As the week wore on, we passed the midway point and began to adapt to race conditions. We had graduated to passable canoeist status and what we lacked in technique we made up for in raw power. Matt’s OCD served us well with his 50 frantic strokes and reward system; the reward was a micro-adjustment to his seating position and a few seconds of lumbar relief before the reset. Our talk of early retirement had faded from memory and we edged up the field, passing rival teams who looked as bemused at our progress as we were. Our only capsize occurred on a failed landing attempt, our perceptions so blinded by fatigue we misjudged the boat’s angle of attack and struck a bank at 45˚, inverting instantly. As I rose hyperventilating from the shock I observed my only paddle drifting away at four knots. I crawled to the bank, sprinted 20m and dived back in to grab it while Matt anchored the boat and tried to recover other lost items.
Once into the wilds of Arctic Alaska, the topography shifted from boreal forest to a desolate tundra and maze of islands. After a rare period of heavy rain and wind, the afternoon sun returned and, exhausted, we took our first meaningful daytime break of the race. After sliding onto a sand bar and crashing down to rest, we shared a ration pack while conversing about life back home and our plans for the future. For 20 minutes, we compartmentalised the race and simply appreciated our surroundings and this island paradise, in the Arctic Circle, above the 66th parallel.
Our nightly camp and four-hour downtime period was punctuated by involuntary muscle spasms, bear panic, and clock-watching. We’d fall out of the tent at 4.15 am, heave on our mud-filled shoes and defrag the site while mosquitoes the size of houseflies swarmed. In those early hours neither of us would offer much in the way of conversation, either too focused on pain management or lost in reverie and a longing for our families.
With no more than 24 hours of rest over the week, our sleep deficit increased in severity during those final days. Pangs of paranoia would grip us. We experienced hallucinations of forms on the bank that simply were not there. We attempted to hack the deprivation and pain by concocting a witch’s brew that contained muddy chlorinated water, coffee, electrolytes, and soluble codeine.

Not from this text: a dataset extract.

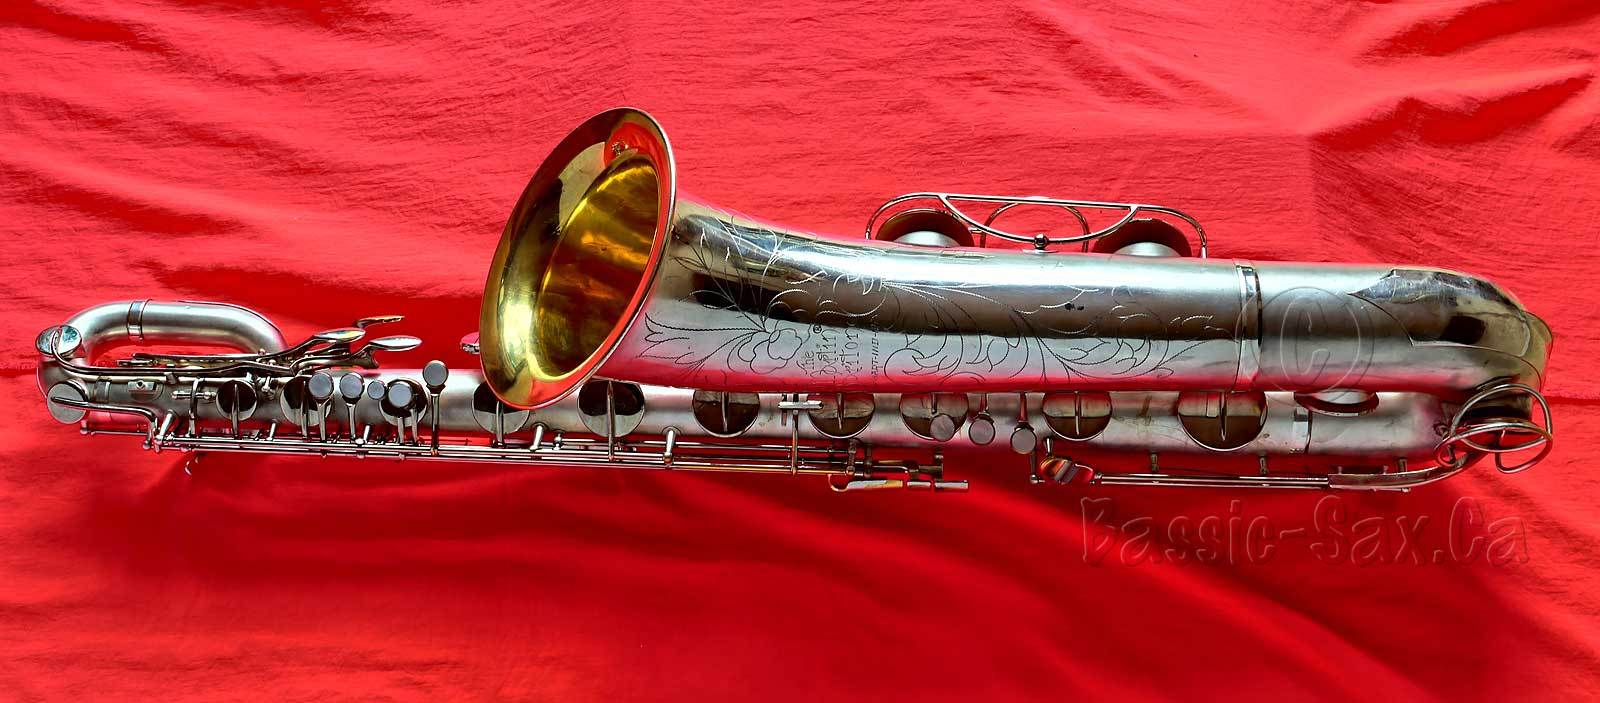 Saxophone players & flu season

The Dalton Highway Bridge – and race finish line – appeared like an apparition in the twilight, its form sharpening as we inched closer. ‘Four miles?’ Matt said with a wince. ‘Will anyone be there or are we hauling the canoe up ourselves?’ I asked.
To our relief the race organisers, John and Harry, were waving at us from a bank behind the bridge. We launched into the mud, staggered up the bank, and engaged in a much-needed four-man group hug. ‘You’re eighth,’ Jon said with a grin, pressing weighty finisher’s medals into our palms as we blinked at each other, neither of us truly comprehending our achievement.
Back home in civilisation, Matt and I continue to dream of the Yukon and its isolated communities living in that majestic riverscape, its inhabitants still perplexed by the sight of two Englishmen in their Y-fronts drifting past in the Arctic sunshine.
Oliver lives with his family in East London. He is planning to trek 1,400km up the Namib Desert in January 2020 with his regular NSPCC challenge partner and buddy Mathew Bennett.